= TASK TO COMPLETE =
Return the lines below exactly, please, from the one containing "Clearlove Men's Casual" through the last one, both included, and leave out any pictures.

= RECORDED DATA =
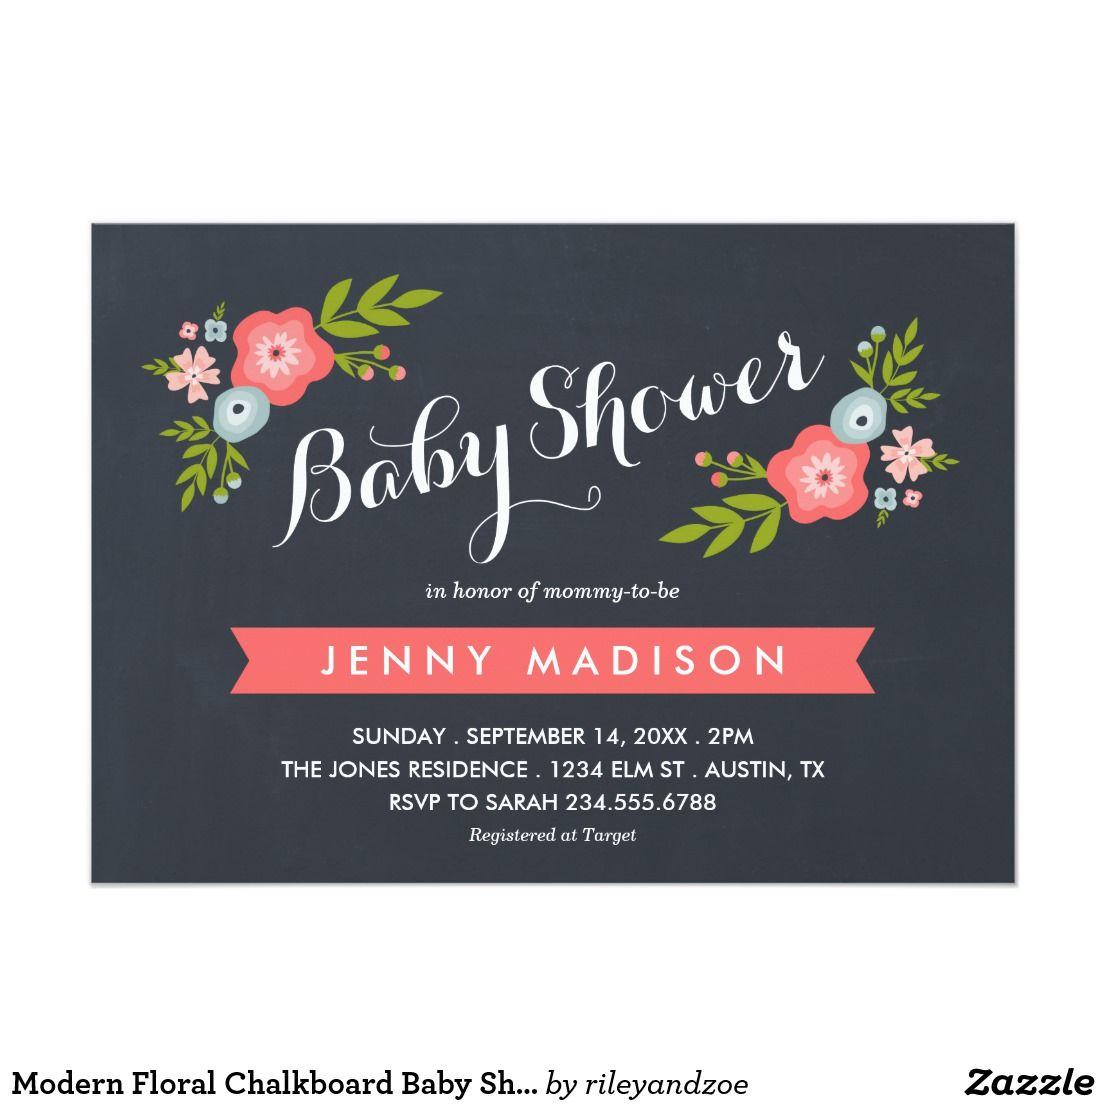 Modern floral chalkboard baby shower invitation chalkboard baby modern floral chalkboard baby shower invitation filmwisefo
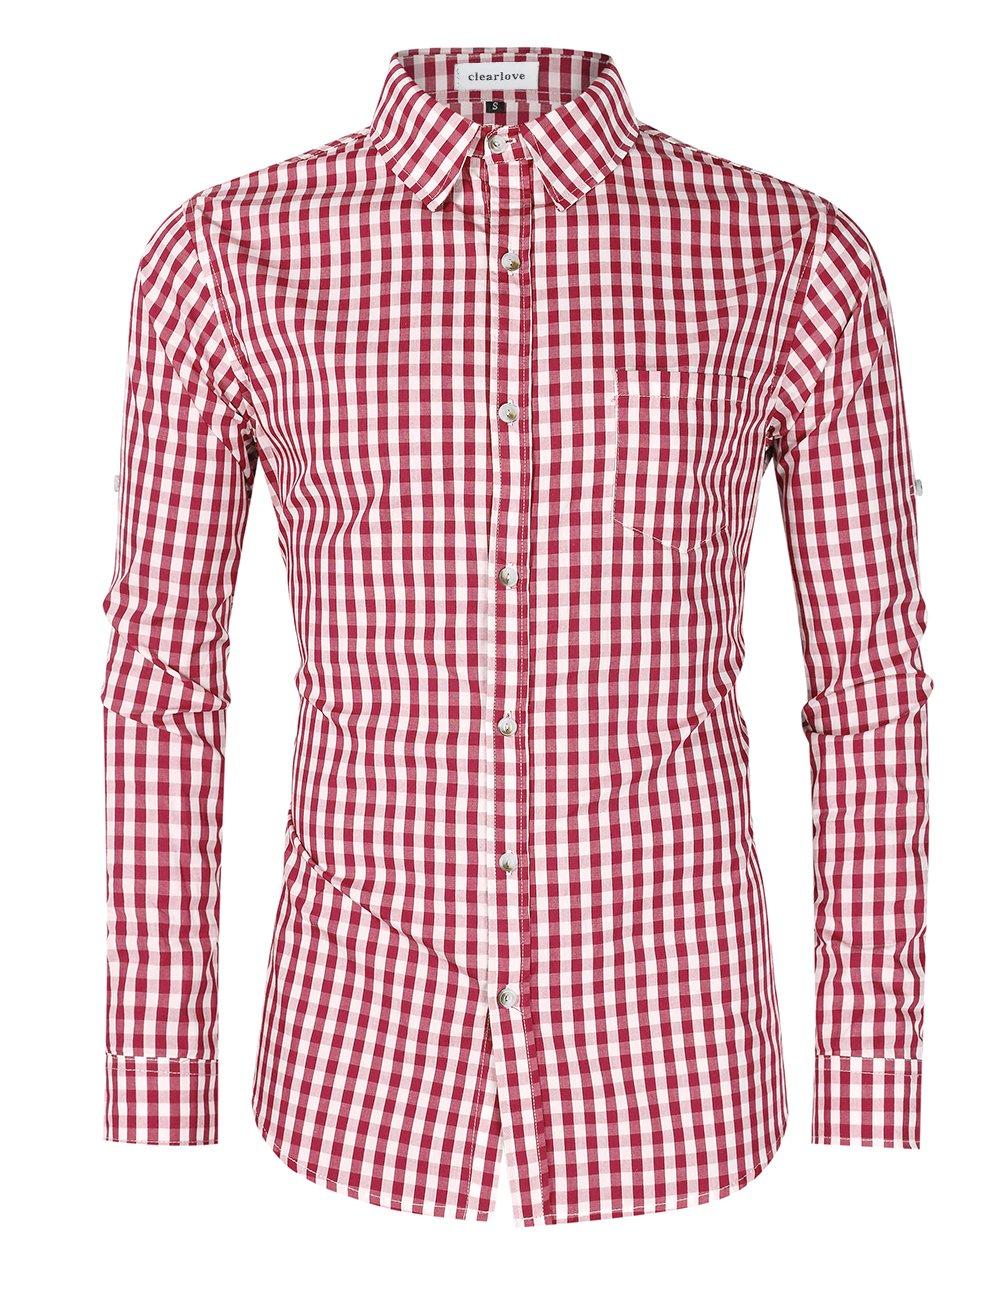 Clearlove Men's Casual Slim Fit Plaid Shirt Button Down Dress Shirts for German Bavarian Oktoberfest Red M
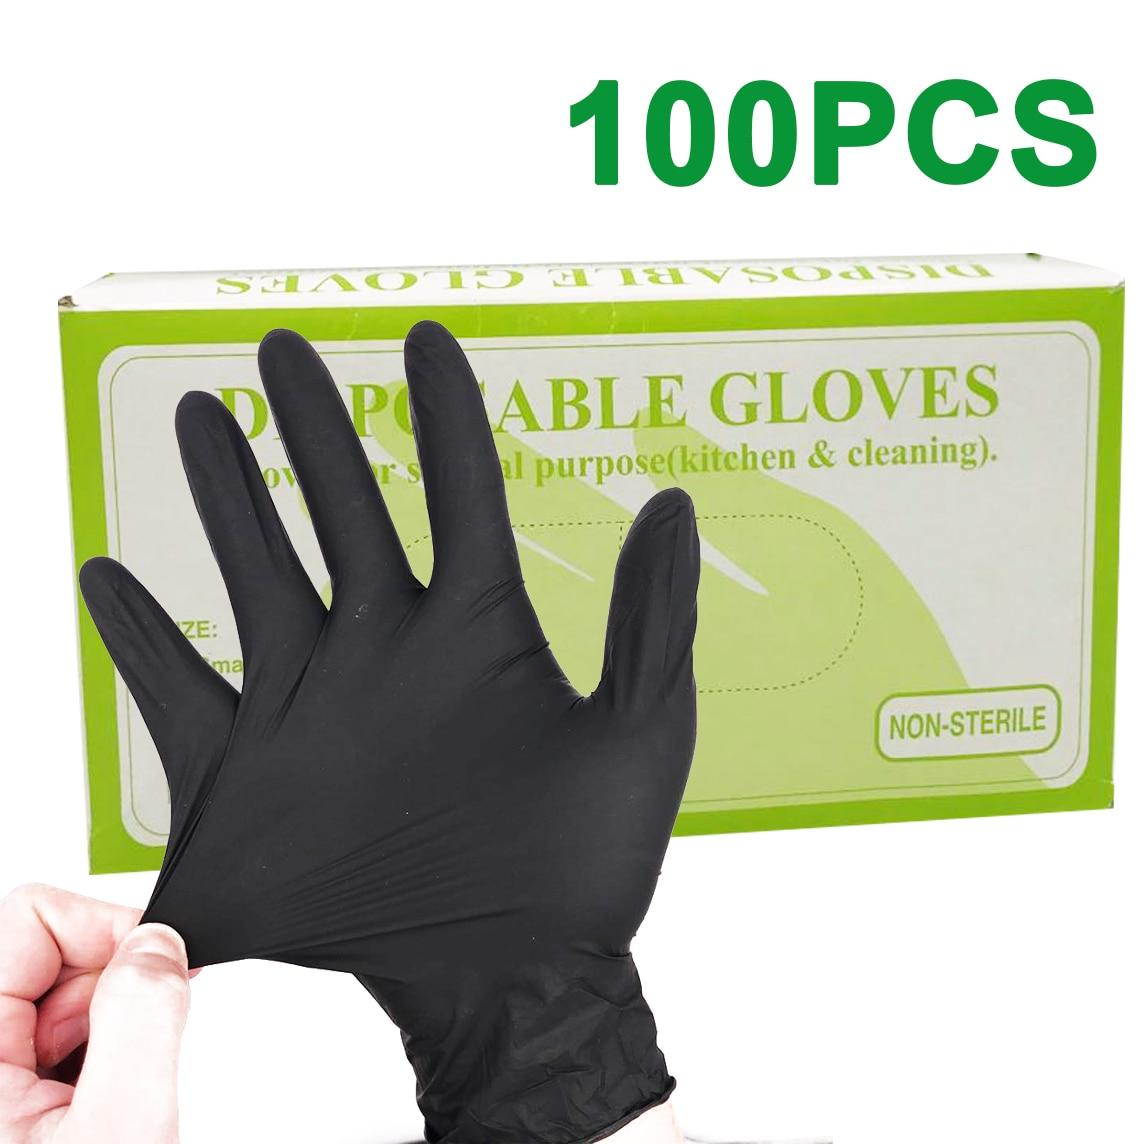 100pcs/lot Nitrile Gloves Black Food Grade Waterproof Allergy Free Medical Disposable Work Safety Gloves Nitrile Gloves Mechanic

= SOLUTION TO THE EXERCISE =
 Clearlove Men's Casual Slim Fit Plaid Shirt Button Down Dress Shirts for German Bavarian Oktoberfest Red M
 100pcs/lot Nitrile Gloves Black Food Grade Waterproof Allergy Free Medical Disposable Work Safety Gloves Nitrile Gloves Mechanic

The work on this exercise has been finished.